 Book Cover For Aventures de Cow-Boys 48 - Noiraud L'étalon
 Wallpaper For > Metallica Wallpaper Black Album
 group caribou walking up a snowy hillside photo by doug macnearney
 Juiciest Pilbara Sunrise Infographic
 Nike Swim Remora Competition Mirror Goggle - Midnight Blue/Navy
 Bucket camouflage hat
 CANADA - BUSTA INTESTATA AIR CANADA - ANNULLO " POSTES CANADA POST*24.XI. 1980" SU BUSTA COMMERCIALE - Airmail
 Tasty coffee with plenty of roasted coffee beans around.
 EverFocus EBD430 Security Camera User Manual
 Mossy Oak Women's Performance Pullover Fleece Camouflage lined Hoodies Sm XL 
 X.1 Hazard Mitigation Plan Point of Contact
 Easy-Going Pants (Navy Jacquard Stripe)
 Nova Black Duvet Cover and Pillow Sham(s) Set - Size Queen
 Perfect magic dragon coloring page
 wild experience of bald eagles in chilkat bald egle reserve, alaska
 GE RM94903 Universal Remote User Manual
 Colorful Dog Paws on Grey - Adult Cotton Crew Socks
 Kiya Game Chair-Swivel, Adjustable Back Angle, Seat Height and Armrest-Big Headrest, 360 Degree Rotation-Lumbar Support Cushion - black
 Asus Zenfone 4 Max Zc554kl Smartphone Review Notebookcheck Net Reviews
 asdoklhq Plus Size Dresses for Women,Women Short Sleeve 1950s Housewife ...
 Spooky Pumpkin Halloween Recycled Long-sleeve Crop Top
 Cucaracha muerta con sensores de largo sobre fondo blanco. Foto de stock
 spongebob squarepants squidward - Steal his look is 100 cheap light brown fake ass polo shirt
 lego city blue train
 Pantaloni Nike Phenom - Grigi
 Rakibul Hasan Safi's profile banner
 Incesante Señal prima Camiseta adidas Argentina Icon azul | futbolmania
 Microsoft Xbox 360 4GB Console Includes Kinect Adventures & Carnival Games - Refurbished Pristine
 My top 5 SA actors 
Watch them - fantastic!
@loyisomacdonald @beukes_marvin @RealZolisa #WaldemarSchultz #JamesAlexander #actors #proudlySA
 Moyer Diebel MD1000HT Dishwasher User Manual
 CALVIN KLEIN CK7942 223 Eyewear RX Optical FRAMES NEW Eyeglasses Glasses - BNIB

§ **TASK ITEM**
Starting at the first line of the records above, please copy each line exactly until you reach the line containing "Rakibul Hasan Safi's profile banner". Include that line and stop there.

§ **PROBLEM SOLUTION**
 Book Cover For Aventures de Cow-Boys 48 - Noiraud L'étalon
 Wallpaper For > Metallica Wallpaper Black Album
 group caribou walking up a snowy hillside photo by doug macnearney
 Juiciest Pilbara Sunrise Infographic
 Nike Swim Remora Competition Mirror Goggle - Midnight Blue/Navy
 Bucket camouflage hat
 CANADA - BUSTA INTESTATA AIR CANADA - ANNULLO " POSTES CANADA POST*24.XI. 1980" SU BUSTA COMMERCIALE - Airmail
 Tasty coffee with plenty of roasted coffee beans around.
 EverFocus EBD430 Security Camera User Manual
 Mossy Oak Women's Performance Pullover Fleece Camouflage lined Hoodies Sm XL 
 X.1 Hazard Mitigation Plan Point of Contact
 Easy-Going Pants (Navy Jacquard Stripe)
 Nova Black Duvet Cover and Pillow Sham(s) Set - Size Queen
 Perfect magic dragon coloring page
 wild experience of bald eagles in chilkat bald egle reserve, alaska
 GE RM94903 Universal Remote User Manual
 Colorful Dog Paws on Grey - Adult Cotton Crew Socks
 Kiya Game Chair-Swivel, Adjustable Back Angle, Seat Height and Armrest-Big Headrest, 360 Degree Rotation-Lumbar Support Cushion - black
 Asus Zenfone 4 Max Zc554kl Smartphone Review Notebookcheck Net Reviews
 asdoklhq Plus Size Dresses for Women,Women Short Sleeve 1950s Housewife ...
 Spooky Pumpkin Halloween Recycled Long-sleeve Crop Top
 Cucaracha muerta con sensores de largo sobre fondo blanco. Foto de stock
 spongebob squarepants squidward - Steal his look is 100 cheap light brown fake ass polo shirt
 lego city blue train
 Pantaloni Nike Phenom - Grigi
 Rakibul Hasan Safi's profile banner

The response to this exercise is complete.